2010 AIME I Problems/Problem 7

Problem

Define an ordered triple $(A, B, C)$ of sets to be minimally intersecting if $|A \cap B| = |B \cap C| = |C \cap A| = 1$ and $A \cap B \cap C = \emptyset$ . For example, $(\{1,2\},\{2,3\},\{1,3,4\})$ is a minimally intersecting triple. Let $N$ be the number of minimally intersecting ordered triples of sets for which each set is a subset of $\{1,2,3,4,5,6,7\}$ . Find the remainder when $N$ is divided by $1000$ .
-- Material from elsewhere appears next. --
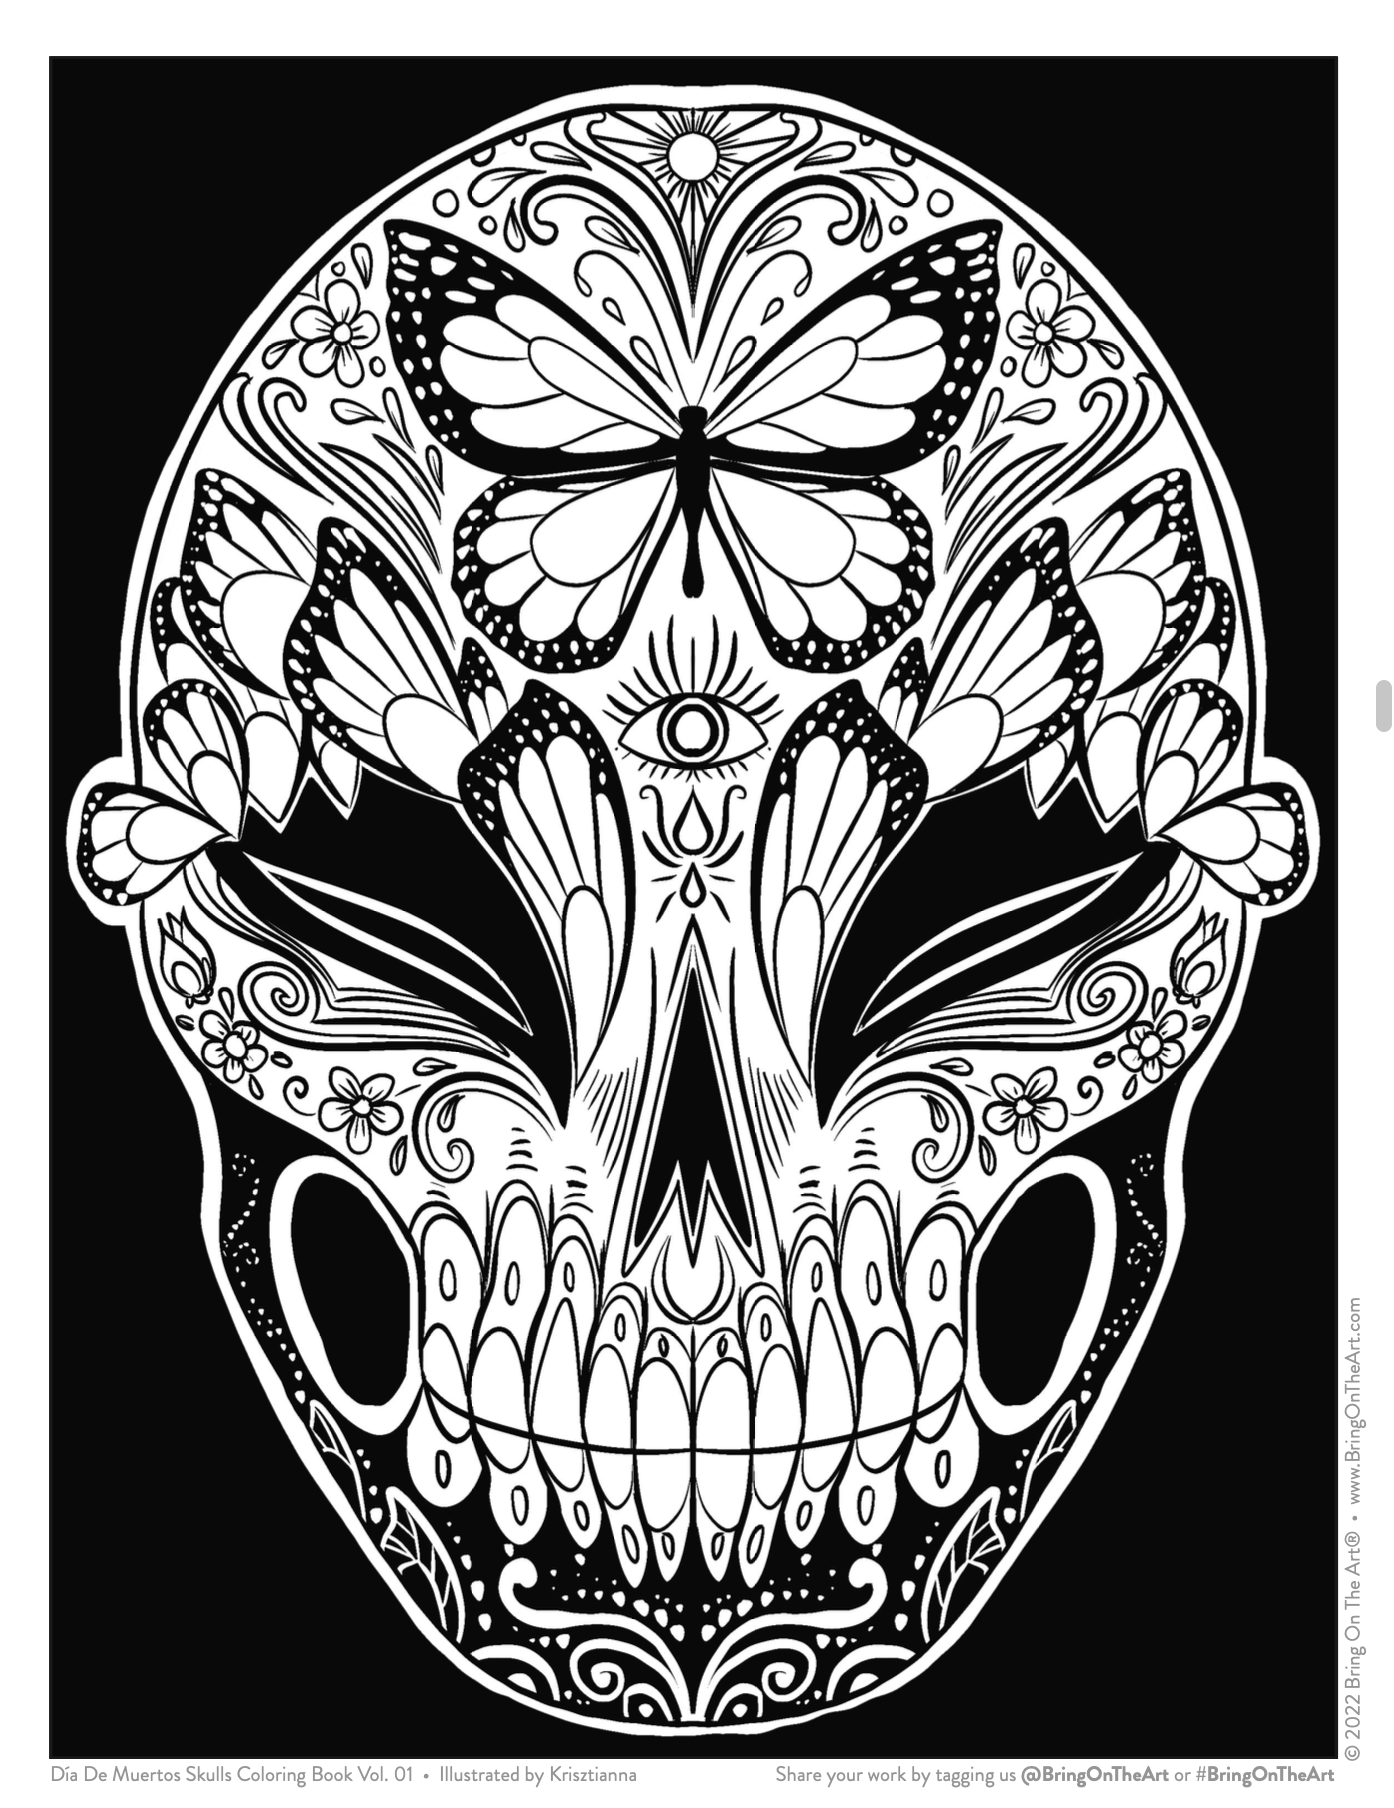 Día De Muertos Skulls Coloring Book Vol. 01

Note: $|S|$ represents the number of elements in the set $S$ .

Solution

Let each pair of two sets have one element in common. Label the common elements as $x$ , $y$ , $z$ . Set $A$ will have elements $x$ and $y$ , set $B$ will have $y$ and $z$ , and set $C$ will have $x$ and $z$ . There are $7 \cdot 6 \cdot 5 = 210$ ways to choose values of $x$ , $y$ and $z$ . There are $4$ unpicked numbers, and each number can either go in the first set, second set, third set, or none of them. Since we have $4$ choices for each of $4$ numbers, that gives us $4^4 = 256$ .

Finally, $256 \cdot 210 = 53760$ , so the answer is $\fbox{760}$ .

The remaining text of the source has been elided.